Zambian Artist Victor Kalinosi Mutale Announced as First ARAK Collection Artist in Residence
Doha, Qatar – August 2025 – The ARAK Collection is honoured to welcome Victor Kalinosi Mutale as the inaugural artist to participate in our newly established Artist in Residence programme.
Born in 1971 in Mungwe, Zambia, Mutale is a self-taught artist whose formative years were marked by a deep engagement with drawing and a growing awareness of the political and cultural shifts shaping Southern Africa. Influenced by Pan-Africanist ideals and a family legacy of liberation struggles, he initially considered a military path before redirecting his energy to art following South Africa’s democratic transition. Since 1995, Mutale has worked across drawing, sculpture, and collage, creating works that engage questions of identity, heritage, and historical memory.
Reflecting on his drawing practice, Mutale explains: “I did simple drawings in simple form so that when I am not there the viewer can tell the story by relating the drawing to the title. These are symbols I have not seen before. I was just applying my brain to create. Random images would pop up when I came up with the concept.”

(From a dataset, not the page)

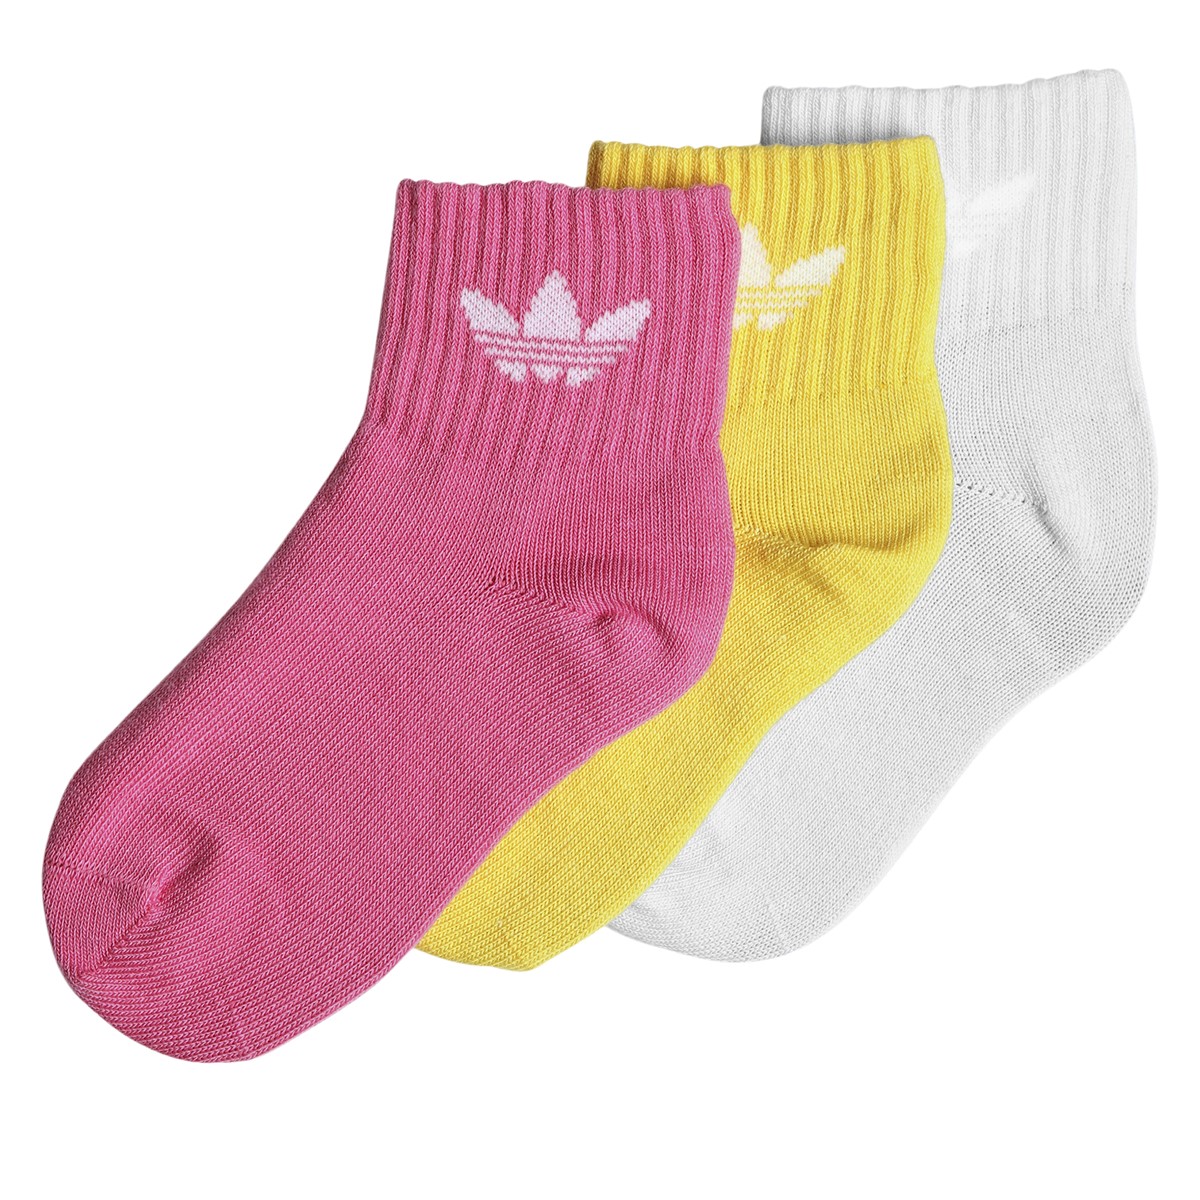 Paquet de 3 paires de chaussettes mi-mollet mauves, roses et jaunes pour enfants

This approach has earned significant critical acclaim. In Chronicles of the Road: Five Nations, Five Artists, art historian Barnabas Ticha Muvhuti observed that Mutale’s symbols allow him to address complex subjects “without having to reproduce figurations of the dehumanised subject, thereby making a clever intervention.” Writer Ashraf Jamal, in African Art: The ARAK Collection, notes that Mutale’s work offers “the rest and ease that comes when we stop making sense; when things, forms, colours, conspire to liberate us from ourselves, from culture and civilisation, from bondage.”
During his residency in Doha, Mutale will develop new work that continues his exploration of identity and historical memory.
The ARAK Collection looks forward to presenting the results of this residency and to deepening dialogue around contemporary African art in Qatar and beyond.